BooksAround:
Literarischer Städteguide fürs iPhone

BooksAround ist eine kostenlose iOS-App, mit der man in Städten auf literarische Entdeckungstour gehen kann. Eine nette Idee, die jedoch die Frage aufwirft, warum Android-Nutzer außen vorbleiben.

Wer viele Bücher liest, stößt häufiger auf Schilderungen und Handlungen, die sich an Orten in der eigenen Stadt abspielen, oder weiß bei einer Städtereise schon vorab ungefähr, welche Plätze besucht werden müssen, weil diese in einem jüngst verschlungenen Roman eine wichtige Rolle spielten.

BooksAround ist eine neue kostenlose Applikation für iPhone und iPod touch, welche Städte mit einer literarischen Dimension erweitert.
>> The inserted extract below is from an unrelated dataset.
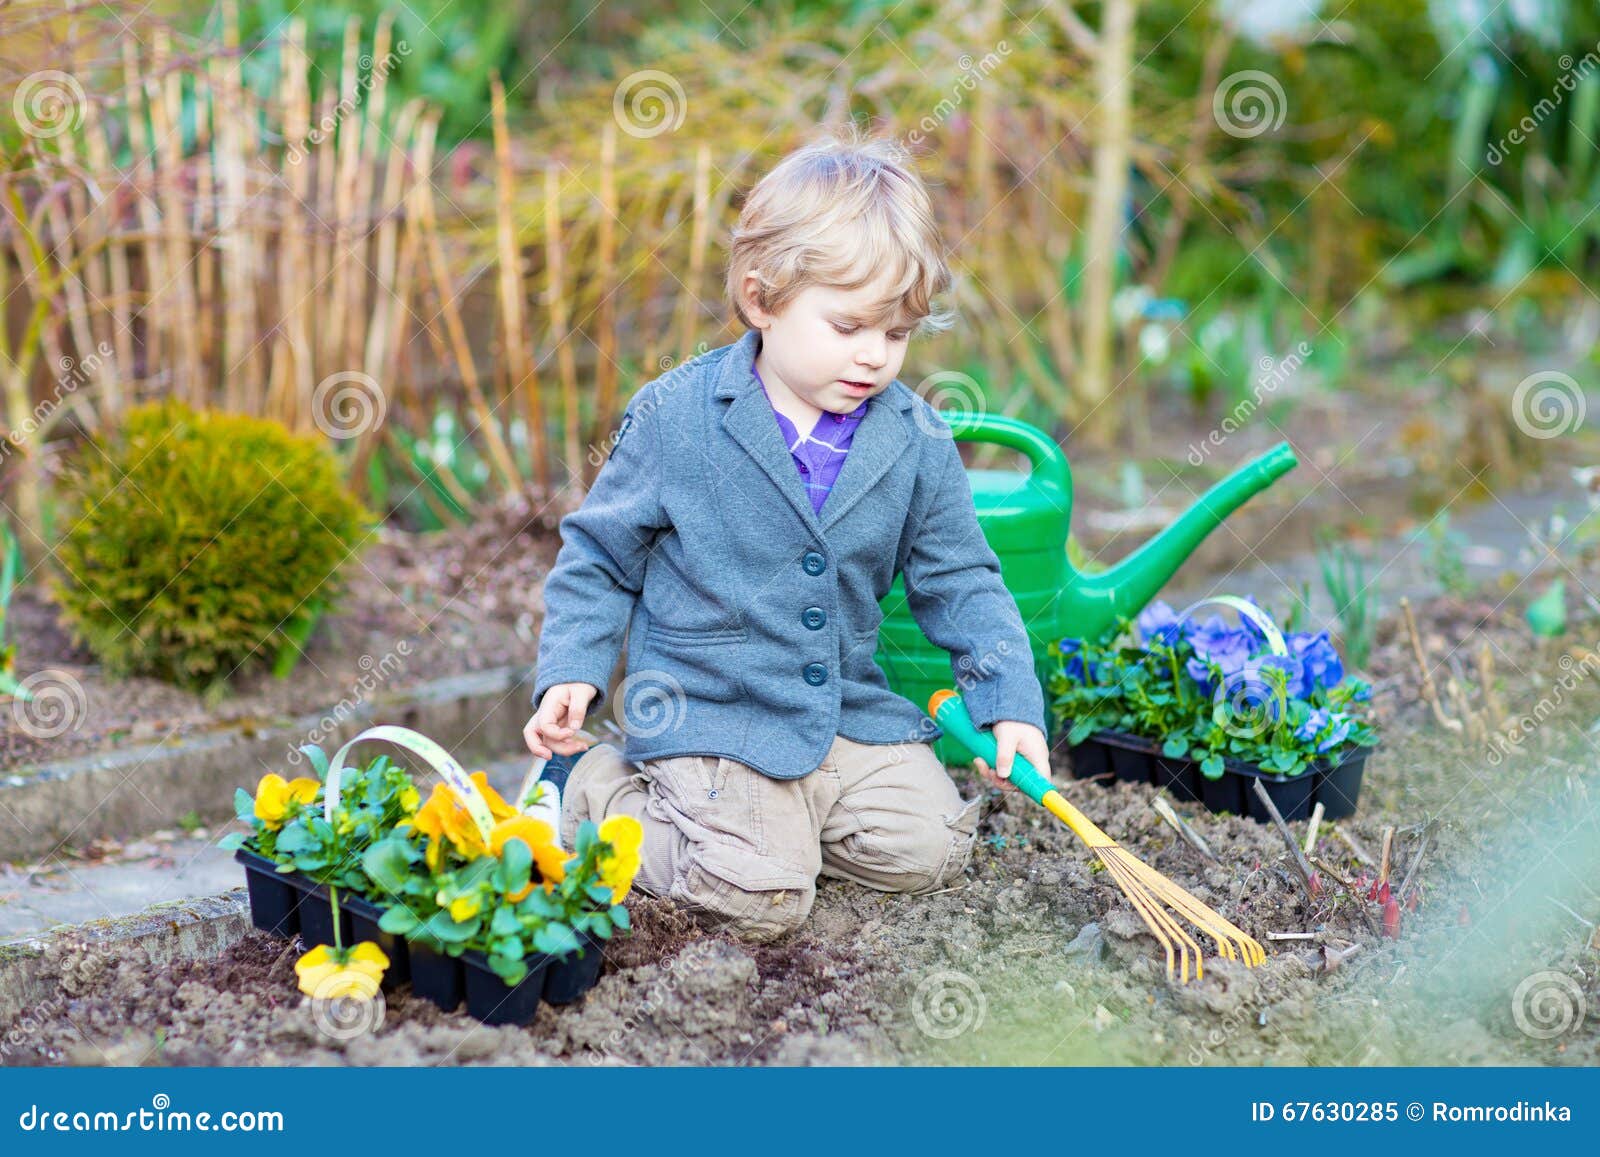 Когда можно садить мальчика. Мальчик в саду. Дети сажают цветы. Мальчик сажает цветы. Дети выращивают цветы.

Die nette Idee dieser Anwendung aus dem Hause Bertelsmann: Bücher und darin beschriebene Ereignisse werden mit Orten verbunden und zu einer literarischen Entdeckungstour durch die Stadt kombiniert.

Zum Start ist BooksAround nur für Berlin verfügbar und zeigt auf einer Google-Karte Spots standortabhängig so genannte Spots zu Schauplätzen und Autoren in der Umgebung an – z.B. Orte aus der Handlung oder Schaffens- bzw. Wohnorte der Verfasser.

Alternativ kann über die Suchefunktion nachgeschaut werden, welche Literatur sich auf Plätze und Locations in der unmittelbaren Umgebung bezieht. BooksAround nennt als Beispiele die Lieblingskneipe von Herrn Lehmann in Kreuzberg, Lessings Dichter- und Denker-WG oder die Verfolgungsjagd aus “Emil und die Detektive”.

Spots können kommentiert und mit Fotos versehen werden. Die App ermuntert Anwender auch zum Eintragen weiterer Spots oder zur Angabe, welches Buch sie gerade wo lesen. Dazu bietet die App auch einen Barcode-Scanner, um den Barcode auf der Buchrückseite eines gelesenen Titels einzulesen und so ein Ereignis aus dem Buch bei BooksAround hinzuzufügen.

Ich bin kein großer Fan von Belletristik und gehöre damit wahrscheinlich nicht zur Zielgruppe dieser Anwendung. Ich könnte mir aber vorstellen, dass diese App für leidenschaftliche Leseratten durchaus unterhaltsam ist. Zu hoffen bleibt, dass schnell weitere Städte hinzukommen. Gerade bei touristischen Reisen in andere Metropolen sehe ich Potenzial.

Eine Frage müssen sich die Macher von BooksAround aber gefallen lassen: Wieso gibt es zum Start nicht auch eine Android-App? Angesichts der rapiden Verbreitung von Android-Smartphones (in den USA steht Googles mobiles Betriebssystem kurz vor der Marktführerschaft) geben Branchenbeobachter mittlerweile sogar die Empfehlung, bei begrenzten Ressourcen zuerst für Android zu entwickeln.

Sicherlich existieren Apps mit hohem Geek-Faktor, die bei der besonders technologie- und trendaffinen iPhone-Gemeinde besser aufgehoben sind als bei der heterogeneren Android-Nutzerschaft. Für die aktuelle App sehe ich dafür jedoch keinen Beleg.

Schon um die eigenen Wachstumschancen nicht zu begrenzen, sind mobile Dienste im Jahr 2011 gut damit beraten, möglichst parallel für iOS und Android zu entwickeln (sofern eine HTML5-Browserapp nicht umsetzbar ist). BooksAround lässt sich hier eine attraktive Gelegenheit zum sofortigen Durchstarten entgehen.